## Stored data entries
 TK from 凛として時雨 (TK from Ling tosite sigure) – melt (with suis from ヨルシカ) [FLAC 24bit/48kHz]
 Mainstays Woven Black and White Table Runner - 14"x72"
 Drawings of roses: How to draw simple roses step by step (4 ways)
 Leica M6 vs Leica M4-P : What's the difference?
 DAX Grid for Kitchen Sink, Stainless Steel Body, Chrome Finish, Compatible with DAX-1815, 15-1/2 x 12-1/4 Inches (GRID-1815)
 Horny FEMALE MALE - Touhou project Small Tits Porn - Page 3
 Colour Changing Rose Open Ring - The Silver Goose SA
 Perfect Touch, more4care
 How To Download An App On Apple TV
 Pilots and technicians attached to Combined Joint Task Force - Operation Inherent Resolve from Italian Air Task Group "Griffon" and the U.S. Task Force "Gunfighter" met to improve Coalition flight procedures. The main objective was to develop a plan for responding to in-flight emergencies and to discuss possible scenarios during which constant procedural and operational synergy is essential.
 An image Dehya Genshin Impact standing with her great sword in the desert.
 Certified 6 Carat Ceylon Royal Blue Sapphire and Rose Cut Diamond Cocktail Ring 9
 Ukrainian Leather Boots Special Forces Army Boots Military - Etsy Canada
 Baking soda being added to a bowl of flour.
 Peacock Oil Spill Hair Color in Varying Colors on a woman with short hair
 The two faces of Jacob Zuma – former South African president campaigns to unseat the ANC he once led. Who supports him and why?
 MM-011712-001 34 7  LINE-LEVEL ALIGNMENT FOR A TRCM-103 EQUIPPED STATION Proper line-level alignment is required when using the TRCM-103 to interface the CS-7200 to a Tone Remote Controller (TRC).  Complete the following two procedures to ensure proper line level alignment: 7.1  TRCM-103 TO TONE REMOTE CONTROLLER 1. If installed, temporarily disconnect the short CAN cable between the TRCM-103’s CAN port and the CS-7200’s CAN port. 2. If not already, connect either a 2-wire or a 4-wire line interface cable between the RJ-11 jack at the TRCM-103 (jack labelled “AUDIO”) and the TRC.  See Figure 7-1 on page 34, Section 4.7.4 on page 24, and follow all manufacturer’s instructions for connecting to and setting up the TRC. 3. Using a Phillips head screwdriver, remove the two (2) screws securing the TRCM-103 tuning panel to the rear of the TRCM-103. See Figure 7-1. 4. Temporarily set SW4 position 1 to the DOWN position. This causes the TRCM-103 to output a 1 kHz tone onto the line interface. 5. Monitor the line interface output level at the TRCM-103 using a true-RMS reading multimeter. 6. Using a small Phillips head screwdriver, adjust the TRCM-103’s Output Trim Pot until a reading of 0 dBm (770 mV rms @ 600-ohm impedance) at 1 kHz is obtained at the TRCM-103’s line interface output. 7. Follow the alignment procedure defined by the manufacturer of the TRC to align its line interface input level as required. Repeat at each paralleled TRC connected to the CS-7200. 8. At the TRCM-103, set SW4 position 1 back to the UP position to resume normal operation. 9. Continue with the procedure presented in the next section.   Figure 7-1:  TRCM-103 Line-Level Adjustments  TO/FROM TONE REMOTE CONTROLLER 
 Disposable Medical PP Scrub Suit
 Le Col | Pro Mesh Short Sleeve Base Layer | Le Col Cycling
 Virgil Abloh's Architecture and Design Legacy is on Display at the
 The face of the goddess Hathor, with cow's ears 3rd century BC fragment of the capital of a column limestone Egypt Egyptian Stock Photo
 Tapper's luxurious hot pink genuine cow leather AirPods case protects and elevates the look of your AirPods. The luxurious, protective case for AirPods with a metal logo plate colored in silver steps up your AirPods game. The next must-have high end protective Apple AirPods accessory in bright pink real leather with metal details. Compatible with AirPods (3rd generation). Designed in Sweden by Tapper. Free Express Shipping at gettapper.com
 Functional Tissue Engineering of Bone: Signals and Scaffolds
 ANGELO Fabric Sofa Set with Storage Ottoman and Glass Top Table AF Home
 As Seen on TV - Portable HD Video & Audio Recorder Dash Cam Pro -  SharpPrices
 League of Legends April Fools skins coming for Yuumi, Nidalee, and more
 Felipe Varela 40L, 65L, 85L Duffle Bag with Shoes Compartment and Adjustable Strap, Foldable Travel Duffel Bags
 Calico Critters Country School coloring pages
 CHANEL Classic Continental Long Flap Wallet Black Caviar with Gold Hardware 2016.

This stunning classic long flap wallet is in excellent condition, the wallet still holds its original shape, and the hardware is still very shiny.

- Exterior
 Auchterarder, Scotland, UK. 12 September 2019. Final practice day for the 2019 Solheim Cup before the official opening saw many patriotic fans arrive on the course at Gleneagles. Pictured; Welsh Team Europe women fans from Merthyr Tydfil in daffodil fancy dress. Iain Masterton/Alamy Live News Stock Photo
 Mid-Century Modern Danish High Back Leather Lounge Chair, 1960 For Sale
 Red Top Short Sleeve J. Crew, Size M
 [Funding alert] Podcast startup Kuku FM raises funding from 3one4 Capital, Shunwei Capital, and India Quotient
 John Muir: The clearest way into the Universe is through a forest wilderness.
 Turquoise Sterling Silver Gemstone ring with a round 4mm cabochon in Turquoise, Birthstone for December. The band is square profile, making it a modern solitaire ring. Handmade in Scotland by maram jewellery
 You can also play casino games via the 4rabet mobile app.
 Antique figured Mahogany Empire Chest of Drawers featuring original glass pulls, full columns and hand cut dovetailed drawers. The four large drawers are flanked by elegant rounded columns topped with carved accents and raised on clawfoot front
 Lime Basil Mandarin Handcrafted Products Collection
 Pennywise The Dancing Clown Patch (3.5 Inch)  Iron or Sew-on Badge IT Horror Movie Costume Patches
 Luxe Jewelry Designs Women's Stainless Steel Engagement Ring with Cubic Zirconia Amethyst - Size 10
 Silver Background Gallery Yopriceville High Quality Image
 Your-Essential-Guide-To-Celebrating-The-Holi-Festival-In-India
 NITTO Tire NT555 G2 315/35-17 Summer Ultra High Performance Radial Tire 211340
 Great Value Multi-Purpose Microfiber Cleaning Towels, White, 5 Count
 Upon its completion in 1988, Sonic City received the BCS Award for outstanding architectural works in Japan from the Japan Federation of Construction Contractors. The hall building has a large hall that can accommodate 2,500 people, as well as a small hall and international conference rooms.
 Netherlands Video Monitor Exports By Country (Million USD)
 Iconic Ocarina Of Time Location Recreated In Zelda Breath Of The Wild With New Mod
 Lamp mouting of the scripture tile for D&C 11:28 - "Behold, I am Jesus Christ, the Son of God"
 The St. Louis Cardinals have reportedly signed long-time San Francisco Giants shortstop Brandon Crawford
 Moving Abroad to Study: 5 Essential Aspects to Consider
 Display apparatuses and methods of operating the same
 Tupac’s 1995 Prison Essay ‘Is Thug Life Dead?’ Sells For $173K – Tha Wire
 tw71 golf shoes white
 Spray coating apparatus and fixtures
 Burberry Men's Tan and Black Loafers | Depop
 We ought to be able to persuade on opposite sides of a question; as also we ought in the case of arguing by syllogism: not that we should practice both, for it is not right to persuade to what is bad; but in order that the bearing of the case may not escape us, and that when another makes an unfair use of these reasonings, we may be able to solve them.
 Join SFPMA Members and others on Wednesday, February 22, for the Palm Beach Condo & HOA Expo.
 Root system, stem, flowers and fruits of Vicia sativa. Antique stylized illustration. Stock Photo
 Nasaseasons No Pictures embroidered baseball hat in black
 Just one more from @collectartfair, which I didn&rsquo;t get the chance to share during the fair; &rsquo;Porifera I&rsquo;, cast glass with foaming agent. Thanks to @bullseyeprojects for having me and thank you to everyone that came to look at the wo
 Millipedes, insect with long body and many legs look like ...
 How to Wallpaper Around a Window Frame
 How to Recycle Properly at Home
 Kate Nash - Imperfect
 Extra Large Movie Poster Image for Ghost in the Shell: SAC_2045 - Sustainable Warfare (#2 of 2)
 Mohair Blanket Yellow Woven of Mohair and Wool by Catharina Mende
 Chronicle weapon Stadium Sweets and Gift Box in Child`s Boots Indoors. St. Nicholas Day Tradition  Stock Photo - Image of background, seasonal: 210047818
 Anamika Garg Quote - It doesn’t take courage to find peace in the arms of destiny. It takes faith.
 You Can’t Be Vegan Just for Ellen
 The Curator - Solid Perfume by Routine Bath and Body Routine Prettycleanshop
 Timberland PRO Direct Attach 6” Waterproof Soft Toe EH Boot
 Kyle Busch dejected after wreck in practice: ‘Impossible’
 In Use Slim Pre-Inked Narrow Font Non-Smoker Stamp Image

## Directions
From the records above, copy only the lines starting with the line that holds "Mainstays Woven Black" and going on through the line that holds "Peacock Oil Spill", exactly as written.

## Exercise response
 Mainstays Woven Black and White Table Runner - 14"x72"
 Drawings of roses: How to draw simple roses step by step (4 ways)
 Leica M6 vs Leica M4-P : What's the difference?
 DAX Grid for Kitchen Sink, Stainless Steel Body, Chrome Finish, Compatible with DAX-1815, 15-1/2 x 12-1/4 Inches (GRID-1815)
 Horny FEMALE MALE - Touhou project Small Tits Porn - Page 3
 Colour Changing Rose Open Ring - The Silver Goose SA
 Perfect Touch, more4care
 How To Download An App On Apple TV
 Pilots and technicians attached to Combined Joint Task Force - Operation Inherent Resolve from Italian Air Task Group "Griffon" and the U.S. Task Force "Gunfighter" met to improve Coalition flight procedures. The main objective was to develop a plan for responding to in-flight emergencies and to discuss possible scenarios during which constant procedural and operational synergy is essential.
 An image Dehya Genshin Impact standing with her great sword in the desert.
 Certified 6 Carat Ceylon Royal Blue Sapphire and Rose Cut Diamond Cocktail Ring 9
 Ukrainian Leather Boots Special Forces Army Boots Military - Etsy Canada
 Baking soda being added to a bowl of flour.
 Peacock Oil Spill Hair Color in Varying Colors on a woman with short hair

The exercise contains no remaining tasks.